- Born: Etawah, Uttar Pradesh
- Education: Kanpur University, Uttar Pradesh Rajarshi Tandon Open University
- Occupation: Advocate
- Notable work: 2012 Delhi gang rape and murder
- Political party: Bhartiya Janta Party

= Seema Samridhi =

Indian advocate (born1982)

Seema Samridhi Kushwaha is an advocate at the Supreme Court of India and former national spokesperson of Bahujan Samaj Party. She is known for being the legal counsel of the victim in the 2012 Delhi gang rape and murder case.

== Early life and education ==
Kushwaha was born in Ugarpur, Chakarnagar in Etawah district of Uttar Pradesh to Baladin Kushwaha and Ramkuwar Kushwaha.

Her father, Baladin Kushwaha was Gram Pradhan of Bidhipur Gram Panchayat. She completed her graduation in LL.B. from Chhatrapati Shahu Ji Maharaj University in 2005. She also received Bachelor of Journalism degree in 2006 from Uttar Pradesh Rajarshi Tandon Open University. After then, she did her M.A. in political science. She started legal practicing at the Supreme Court of India in 2014.

== Legal activism ==
When Nirbhaya's case came into light, she as a law trainee at that time participated in various protest demanding for justice.

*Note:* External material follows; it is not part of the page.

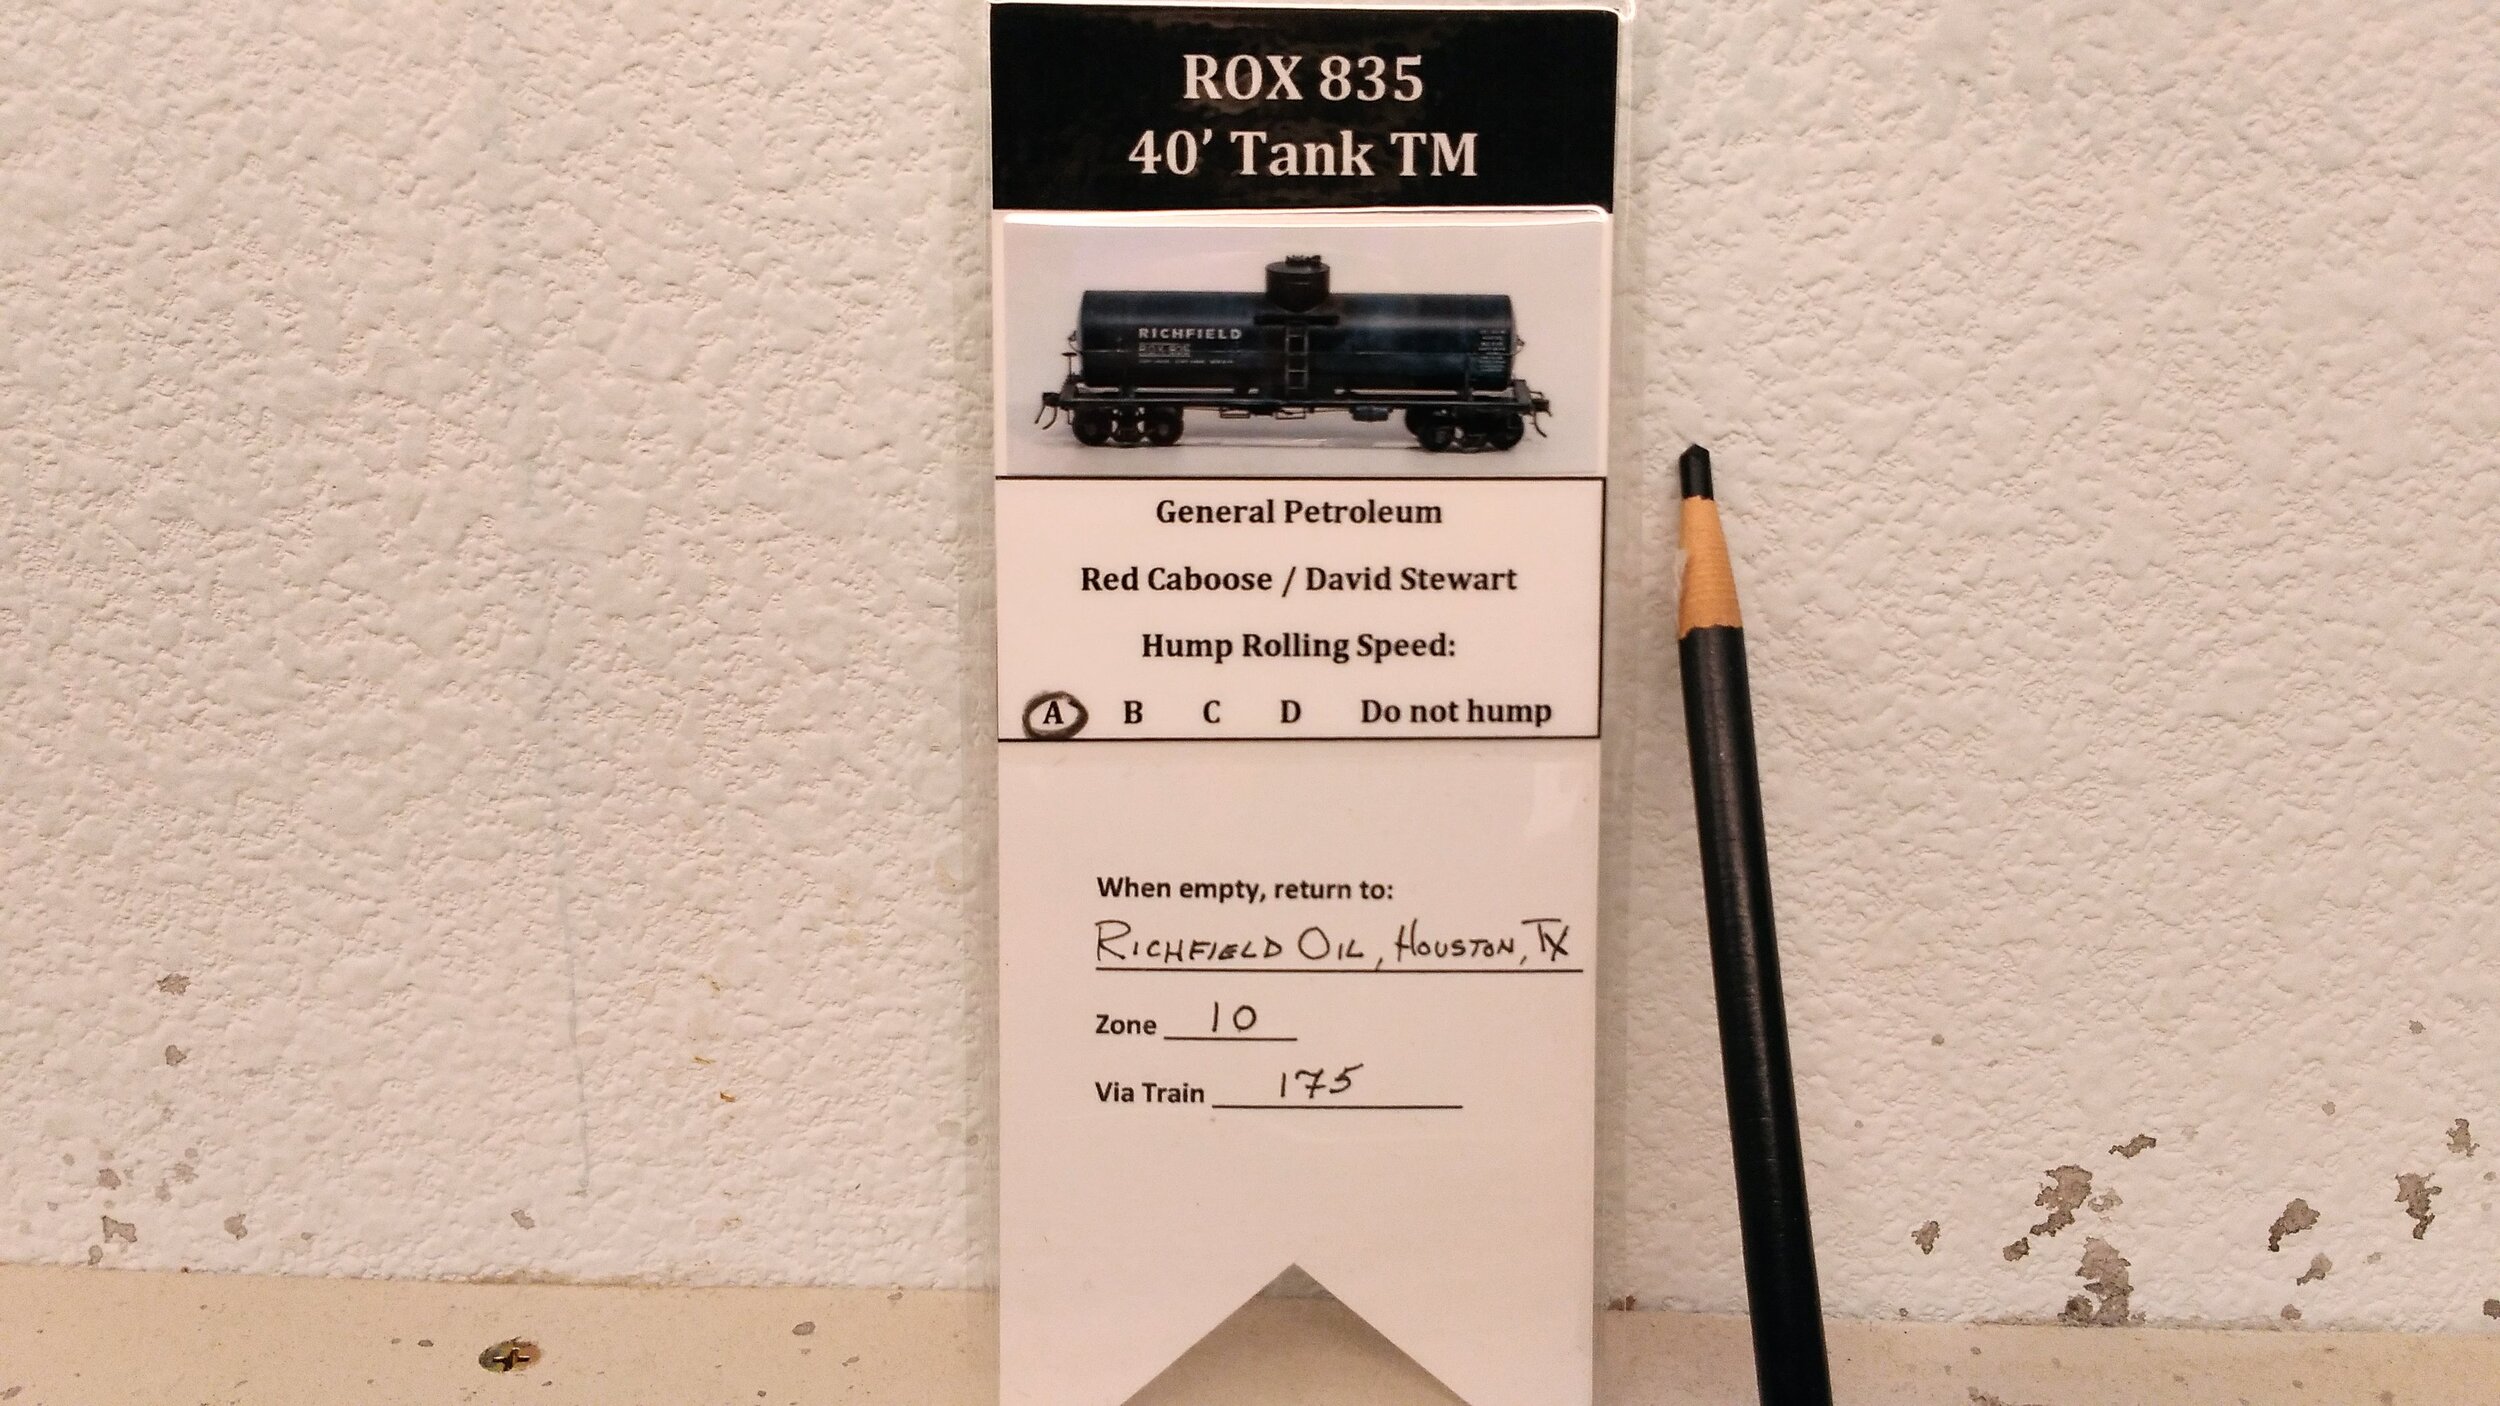  Finally ROX835 is ready for service by circling “A” on the car card. This was previously done with a grease pencil, but now with a Sharpie as the grease pencil proved too easily removed by handling.  The “Hump Rolling Speed” is a guide for the hump

She officially became Nirbhaya's lawyer in 2014 demanding capital punishment for all four adult convicts as soon as possible. On 24 January 2014, she joined Nirbhaya Jyoti Trust as a legal adviser. Nirbhaya Jyoti Trust is an institution founded by the victim's parents to assist women who have experienced violence to find shelter and legal assistance. This was her first case. She pushed for Fast track court listing. Nevertheless, due to numerous review and curative petitions by convicts and slowness of the legal system, the case got delayed until finally, on 4 March 2020, a last death warrant was issued by court with the execution date as 20 March 2020 at 5:30 a.m. On 20 March 2020, at 5:30 a.m. IST, the four adult convicts were executed by hanging at Tihar Jail.